I tried that but it didn't work.
Observing the same issue here. CiliumNode running 1.16 gets spec.addresses entries for both the ipv4 and ipv6 addresses of the node, while 1.17 CiliumNode does not.
My base Node objects do not have their ipv6 address in their status.addresses list (running k3s dual-stack). Does cilium want this populated now for ipv6 to work?
I believe https://github.com/cilium/cilium/pull/38472 is the fix and is slated to be in v1.17.3. If you can try it now, you can deploy the latest dev version of Cilium based off main.
I just ran quay.io/cilium/cilium:v1.18.0-pre.1@sha256:88711d5016c6969e47e92e5f499ccd80e3df93ab52bdd7bc321c2b4a6a434a9e to test (as the release notes specify that patch is in).
Still seeing time="2025-04-09T13:23:11.205268888Z" level=fatal msg="failed to start: daemon creation failed: unable to connect to get node spec from apiserver: node server01 does not have an IPv6 address\nfailed to stop: unable to find controller ipcache-inject-labels" subsys=daemon
Correctly supplying the kind: Node objects with both ipv4 and ipv6 addresses (in my case hardcoding ipv4/ipv6 in k3s config instead of relying on 0.0.0.0 magic for kubelet node-ip arg) lets cilium start up successfully, as a workaround.
@oivindoh Interesting. Sounds like a separate issue. The fact that your workaround is working confirms that the PR is the fix.
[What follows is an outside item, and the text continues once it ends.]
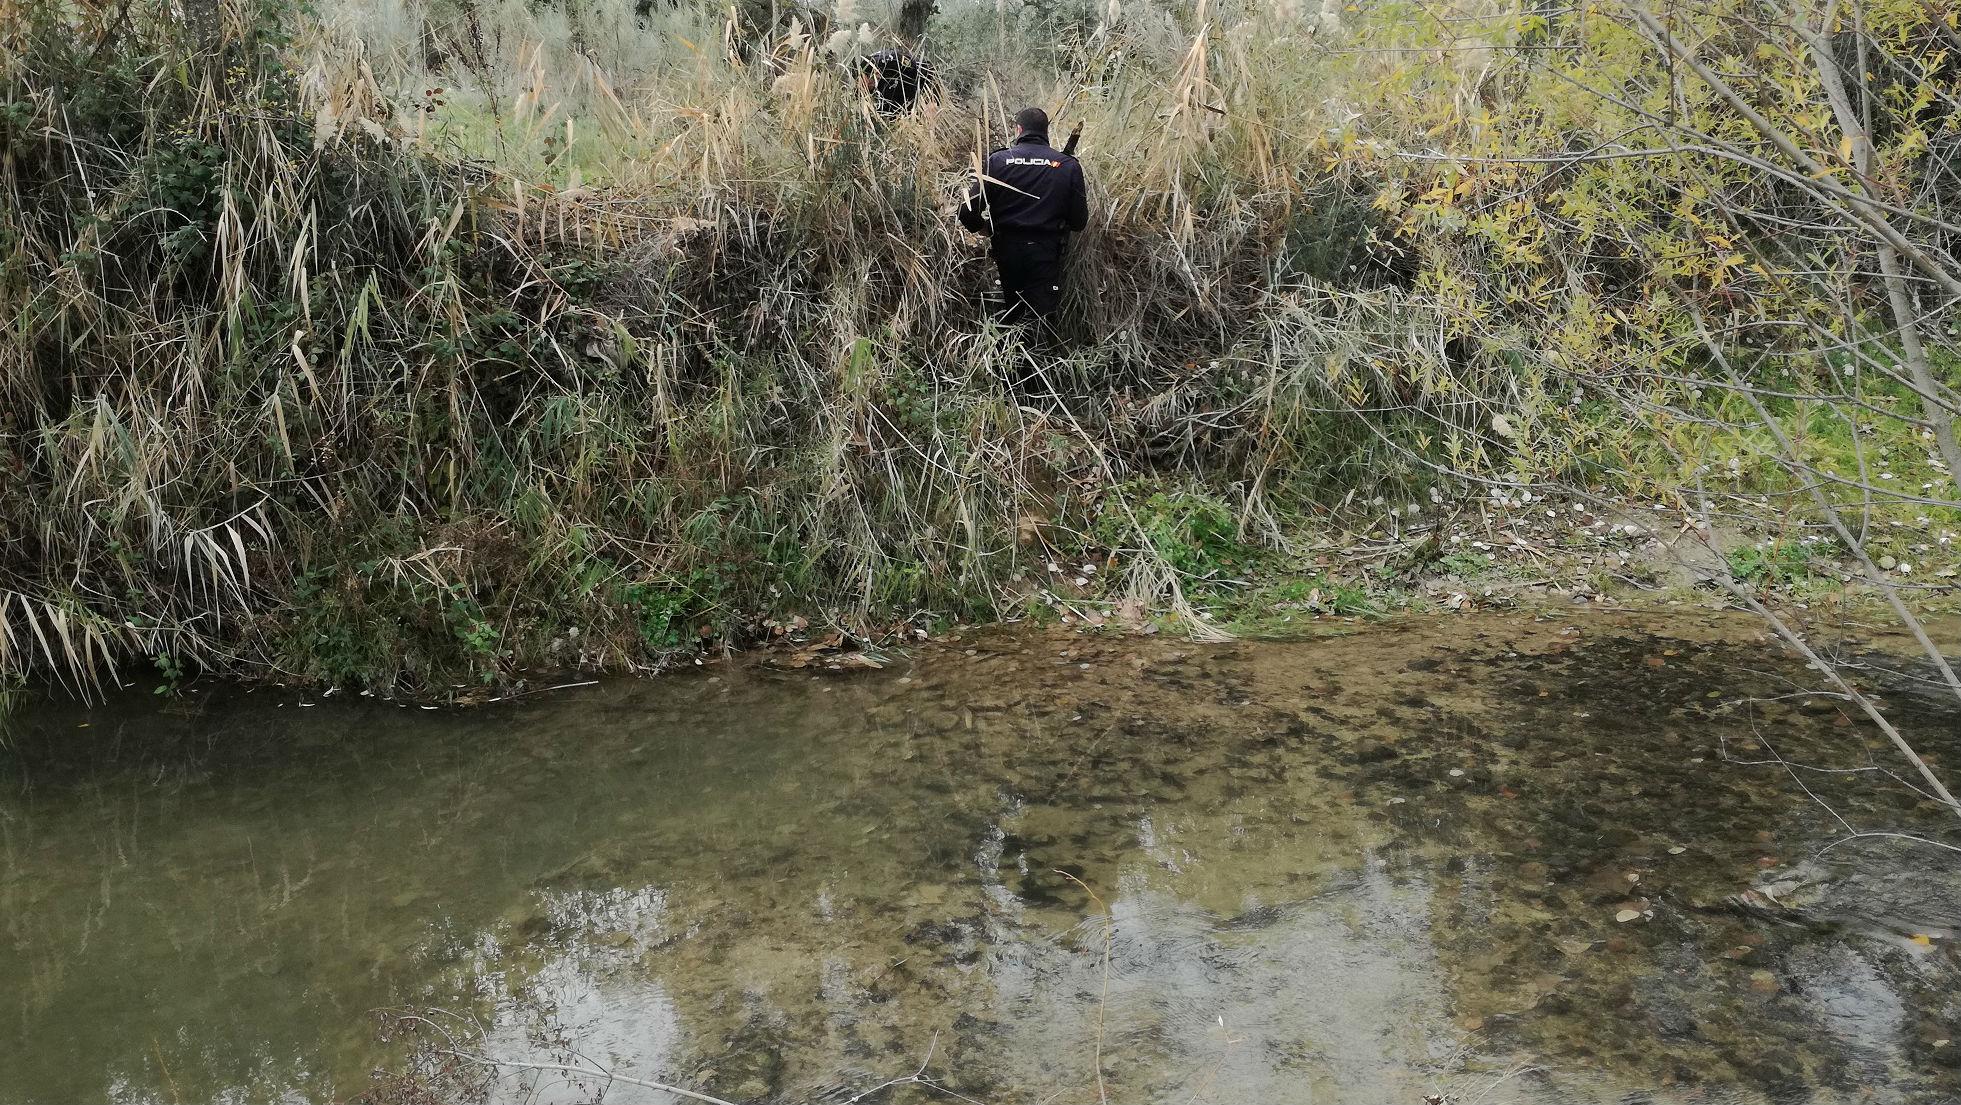 Un agente inspecciona la orilla del río Víboras en el marco de la operación.

Same issue here(I used cilium v1.17.3), I try to patch an IPv6 address to ciliumNode, but it seems cilium will revert it.
Same issue here with version 1.17.1 and also 1.17.3. With a roll back to 1.16.9 it works.
Today I tested it with version 1.17.4 and still the same problem but version 1.16.10 is working.
@christarazi today I also tested the v1.18.0-pre.2 image but also the same problem.
I would like to fix this, I will look into it later.
This is related to this bug in this thread https://github.com/siderolabs/talos/issues/8115#issuecomment-2307280220
With a workaround where you change the pod and service-subnets to try IPv6 before IPv4.
(also hitting this right off main, my bond0 dev did have an IPv6 address though)
I'm currently unable to repro this in a local kind cluster, but I believe that, as @jungeonkim suggested, the issue is related to the missing call to SetDefaultPrefix that in v1.16 was happening as part of the LocalNodeStore initialization, thus before newDaemon. That call set an initial IPv6 address in case it was missing (see makeIPv6HostIP).
This commit, part of https://github.com/cilium/cilium/pull/32381, removed that call in the LocalNodeStore initialization, leading to the above issue (there is another call to setDefaultPrefix that is done in ConfigureIPAM, after the check for the node IPv6 address).
Digging a little bit more into the problem, I think this is also related to https://github.com/cilium/cilium/pull/28953
My understanding is that:
- In https://github.com/cilium/cilium/pull/28953 the initial node IPv6 address hard check was added in order to have a uniform behavior with different KPR settings when migrating from single stack to dual stack nodes (see https://github.com/cilium/cilium/issues/28909 and https://github.com/cilium/cilium/issues/34861#issuecomment-2651655820)
- In https://github.com/cilium/cilium/pull/32381 the initial setup of an IPv6 Unique Local Address has been postponed after the hard check, thus leading to the failure above in environments where the IPv6 is not immediately available
I opened https://github.com/cilium/cilium/pull/40125 to move the check added in https://github.com/cilium/cilium/pull/28953 after ConfigureIPAM in the daemon initialization, thus restoring things as they were before https://github.com/cilium/cilium/pull/32381. But I'm wondering if that check is actually fulfilling its original intent. Since we set an ULA v6 address if the node does not have one yet, my understanding is that the check will always complete successfully. Am I missing something here @vipul-21 ?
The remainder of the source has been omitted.